Ambivalence is a memoir of the author's native city of Dublin in the 1980s and '90s, a portrait of the author as a young man, and an intimate defense of radical thinking about literature and life. In vivid, present-tense passages, Dillon describes his first encounters with writers such as Virginia Woolf, Walter Benjamin, Roland Barthes, and Jacques Derrida. He recalls being seduced by androgyny, ambiguity, and ambivalence on the page and in the life he hoped his reading would transfigure.
Brian Dillon was born in Dublin in 1969. His books include Affinities, Suppose a Sentence, and Essayism (all published by New York Review Books), as well as The Great Explosion (short-listed for the Ondaatje Prize), Objects in This Mirror, I Am Sitting in a Room, Sanctuary, Tormented Hope: Nine Hypochondriac Lives (short-listed for the Wellcome Book Prize), and In the Dark Room, which won the Irish Book Award for nonfiction. His writing has appeared in The Guardian, The New York Times, the London Review of Books, The New Yorker, The New York Review of Books, frieze, and Artforum.
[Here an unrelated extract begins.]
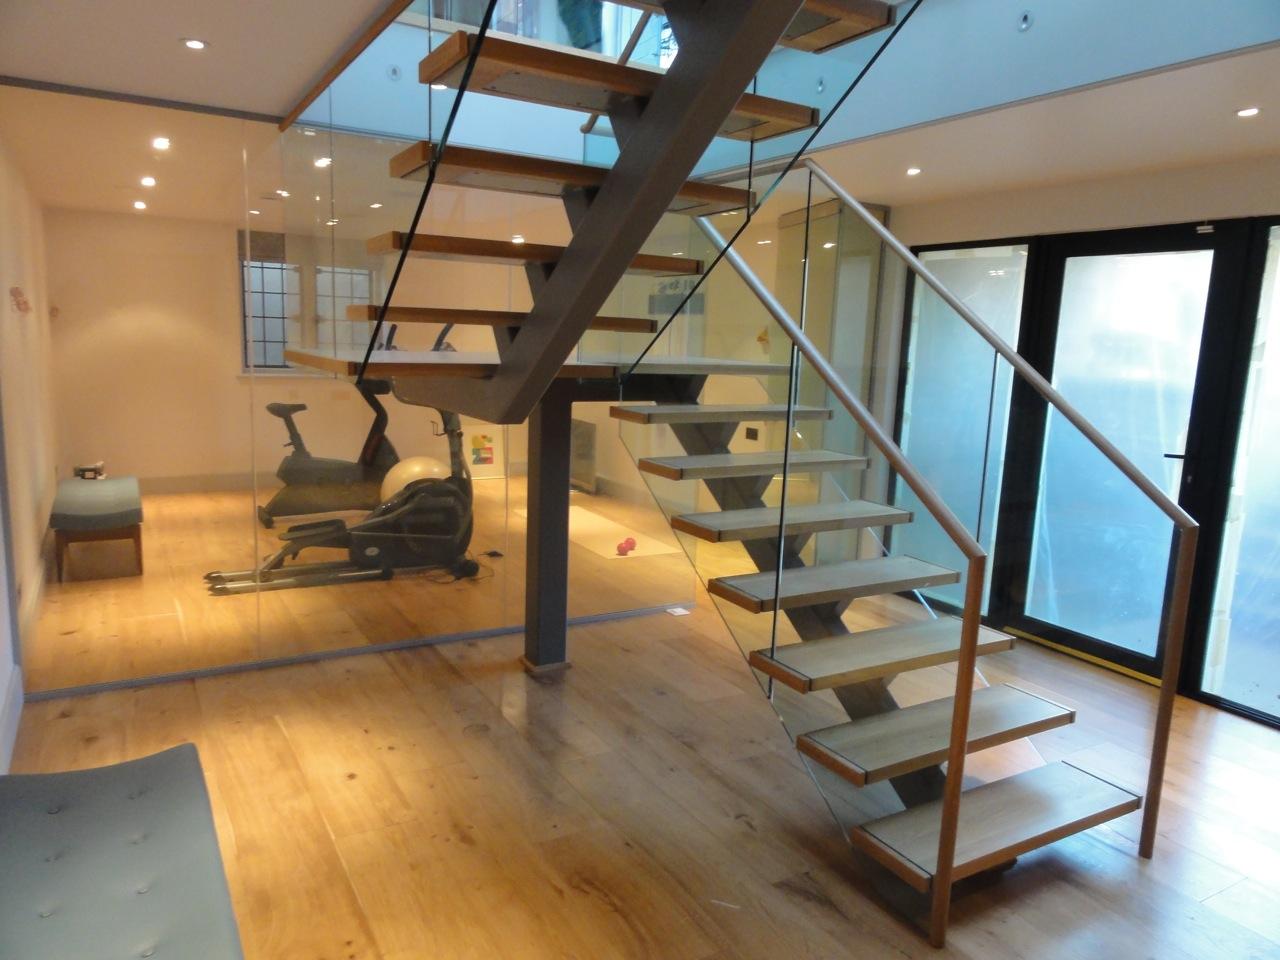 Spinal Staircase Sussex F L I G H T D E S I G N

He has curated exhibitions for the Tate and Hayward galleries. He lives in London.
Ambivalence tells the story of a mind making itself up, changing, deleting, willfully transforming itself. . . . This reader trusts people who doubt themselves and their ideas, and Ambivalence honors a productive and essential trust between writer and reader. This is an exceptional work.” —Lynne Tillman

“This is a brilliant book, which I couldn’t put down. It tells the story of an education that reads like the evocation of an entirely dead world of philosophy, theory and letters in the late 1980s and ’90s. It works because of its steadfast refusal of sentimentality. Dillon writes about himself as if he were someone else, someone not in any way clearly visible. Just faint lines on a page. Yet somehow, in its impersonality and distancing, Dillon conjures an intimacy, a compelling and genuinely shaking pathos rather than sham authenticity. Dillon asks, ‘Does education still keep its promises?’ On the evidence of the prose of this book, it does. And for us, as confusing as one’s intellectual formation always looks in retrospect, it must.” —Simon Critchley, author of Mysticism

"I'm taken aback and moved by the level of disclosure in Brian Dillon's new book, Ambivalence. I read it in two sittings, riveted by the stories of youth told through books, music, film, and ultimately criticism. This taut narrative is a pitch perfect ratio of biography and theory, and an utterly delicious read." —Moyra Davey

"Brian Dillon is one of the true treasures of contemporary literature—a critic and essayist of unmatched style, sensitivity and purpose." —Mark O’Connell

"Brian Dillon is always invigoratingly brilliant. His sentences, his stylistic innovations, the range and potency of his intellectual adventures; he is a true master of the literary arts and a writer I would never hesitate to read, whatever his subject." —Max Porter

"A poignant and sometimes very funny account of a life in late 1980s and early 1990s Dublin and an elegy for the revolutionary force of an education gleaned through wide and close readings of music and style magazines, German films and French theories . . . The book is filled with moments of joy . . . Ambivalence foregrounds the wrongheadedness of youth but never judges it; in fact, it celebrates it." —Colm McAuliffe, Irish Times

"[Ambivalence is] a careful account of self-development through art . . . the book is a page-by-page pleasure . . . So strong is [Dillon's] passion for his way of finding himself in the world, so dedicated is he to be true to his idols, that we long for him to make it. And this book is proof that he did." —John Self, Financial Times

About

A coming-of-age memoir set in late-twentieth-century Dublin, recounting writer and critic Brian Dillon's first encounters with pivotal writers in his life—Virginia Woolf, Samuel Beckett, Walter Benjamin, and others—and in the process arguing for the transformative power of art, literature, and learning.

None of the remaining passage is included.